Some Assembly Required: Understanding and Interpreting Topics in LDA Models of Figurative Language

The following is a small part from a much larger work in progress (my dissertation) about the potential to use latent Dirichlet allocation (LDA) to do exploratory work with highly figurative language.  In fact, my project uses LDA to model various iterations of an approximately 4,500 poem dataset (the majority of which are from the 20th century), and to consider the composition of that dataset in relationships to a smaller subset of the data that could be described as belonging to a poetic tradition called ekphrasis: poetry to, for, and about the visual arts.  There’s no way that I could begin to get into all the nitty gritty details about the rest of the project in this one blog post, so with apologies, I’m going to begin in media res, assuming that you know this much: probabilistic topic modeling, and in particular LDA, is a way of looking for patterns in large collections of text.  In previous posts I’ve mentioned that there are many good posts on what LDA is and how some humanists are using it.  Most recently Scott Weingart produced a blog post called “Topic Modeling for Humanists: A Guided Tour” that adds to the much needed collection of “How to get started” conversations.  Rather than focusing on how topic modeling can be useful to you, this is a post about how you, dear Reader, need to read our results—at least those of us who are working with figurative texts and particularly those of us working with poetry, the most figurative of them all.

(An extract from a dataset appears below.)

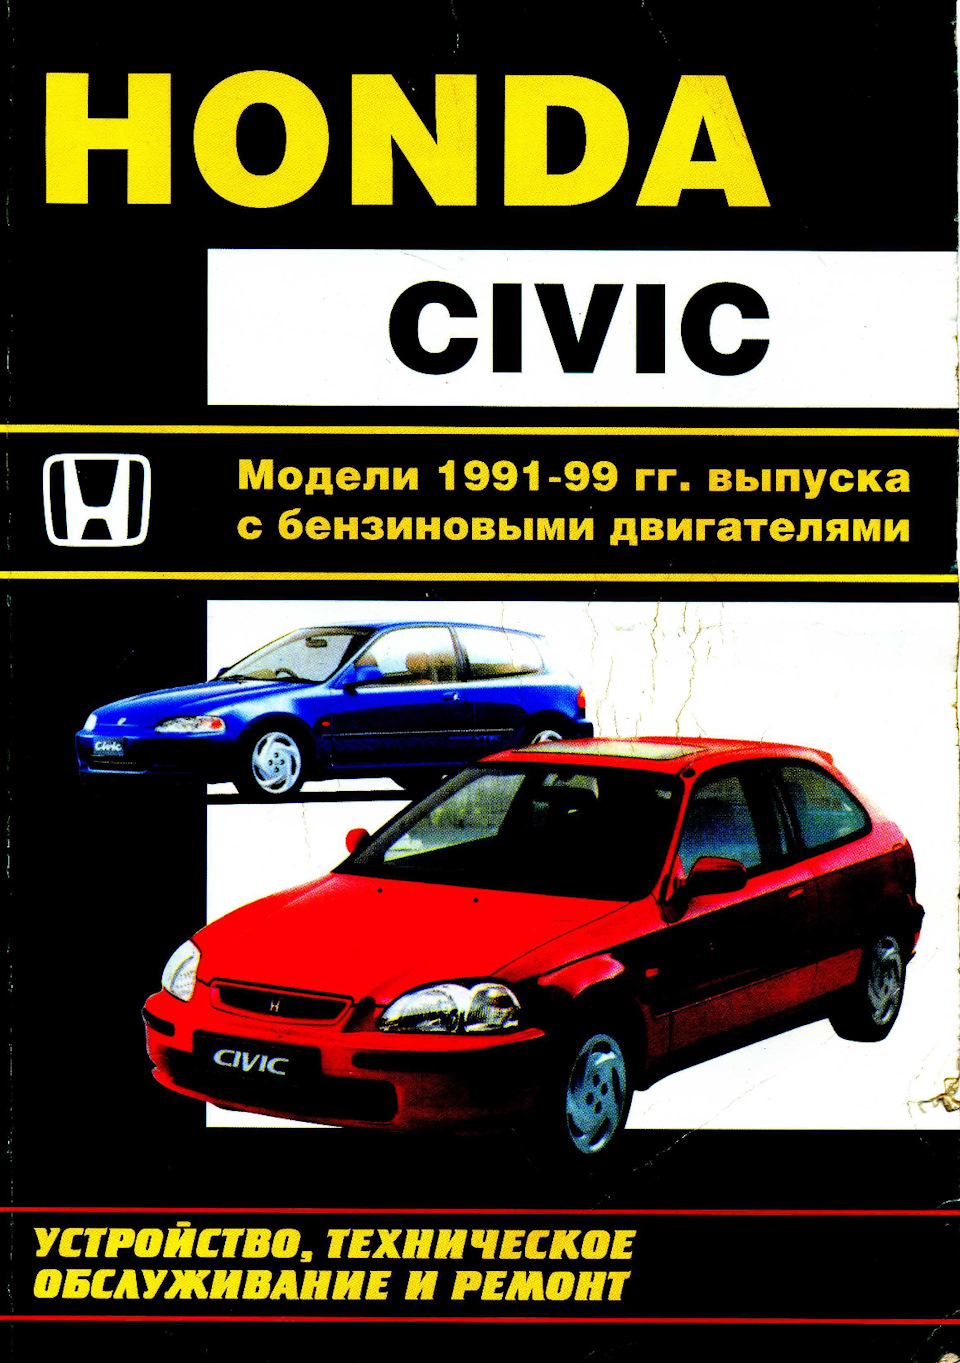 Книга по ремонту хонда. Хонда Цивик 1991-1999. Honda Civic 1991-1999. Honda Civic 1991-1999 книга по ремонту. Хонда Цивик книга.
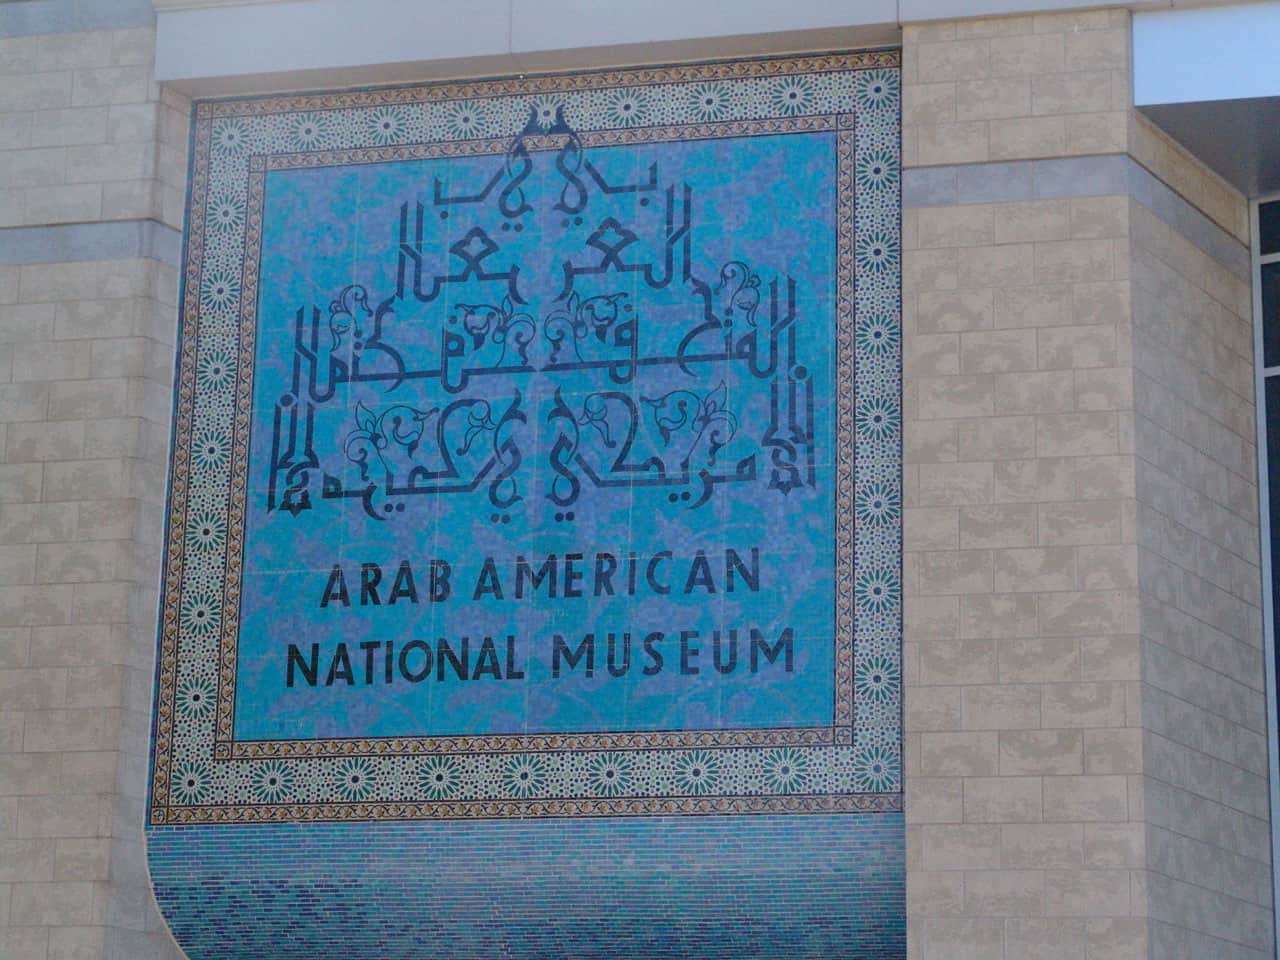 Arab American National Museum in Dearborn, Michigan

If you’re just getting started, it’s important to begin with the following knowledge: data mining in any form makes two assumptions that Ian H. Witten, Eibe Frank, and Mark Hall point out in their introduction to the topic and to their graphical interface data mining software Weka.  They remind us data mining results need to be actionable and they need to be comprehensible.  I’ll go into what I think that means for my work, but suffice it to say, topic modeling assumes that texts, though amorphous, don’t hide information.  In fact, text mining in general assumes that writers go to great lengths to make clear, unambiguous arguments.  Computer scientists make that assumption because LDA was written to deal with large repositories and collections of non-fiction text.  When you’re reading the journal Science, for example, you don’t see lines like:

Little lion face

I stooped to pick
among the mass of thick
succulent blooms, the twice
streaked flanges of your silk

sunwheel relaxed in wide
dilation, I brought inside,
placed in a vase. Milk
of your shaggy stem

sticky on my fingers, and
your barbs hooked to my hand,
sudden stings from them
were sweet…

May Swenson wasn’t writing for Science, and her poem is about more than dandelions.  Pretty much any human reading that poem, even my undergraduates, get that this is a poem about sex.  Science’s editors would never publish this; however, they may publish and have published plenty of articles about sex, reproduction, and the propagation of flora and fauna.  The terms they use, though, strive against ambiguity, while poetry revels in it.  We don’t have a well-established way of interpreting topics that account for poetry’s lush ambiguity, but we need to because it would be a mistake to read a topic with the keywords: wind, sky, light, trees, blue, white, snow… when generated from a collection of poems the same way you would read and understand it in, say, David Blei’s 100-topic model of Science.

Rather than reposting Blei’s images here, I suggest that readers interested in understanding LDA look at his article from Communications of the ACM, because his illustrative examples on the first and second pages do an excellent job of showing how topics are generated.   Blei’s results are these wonderfully identifiable topics that make such sense: of course, we can interpret topic as the genetics topic because it is comprised of words like gene and dna and another as the evolutionary biology topic because it is made up of words like survival and mutation.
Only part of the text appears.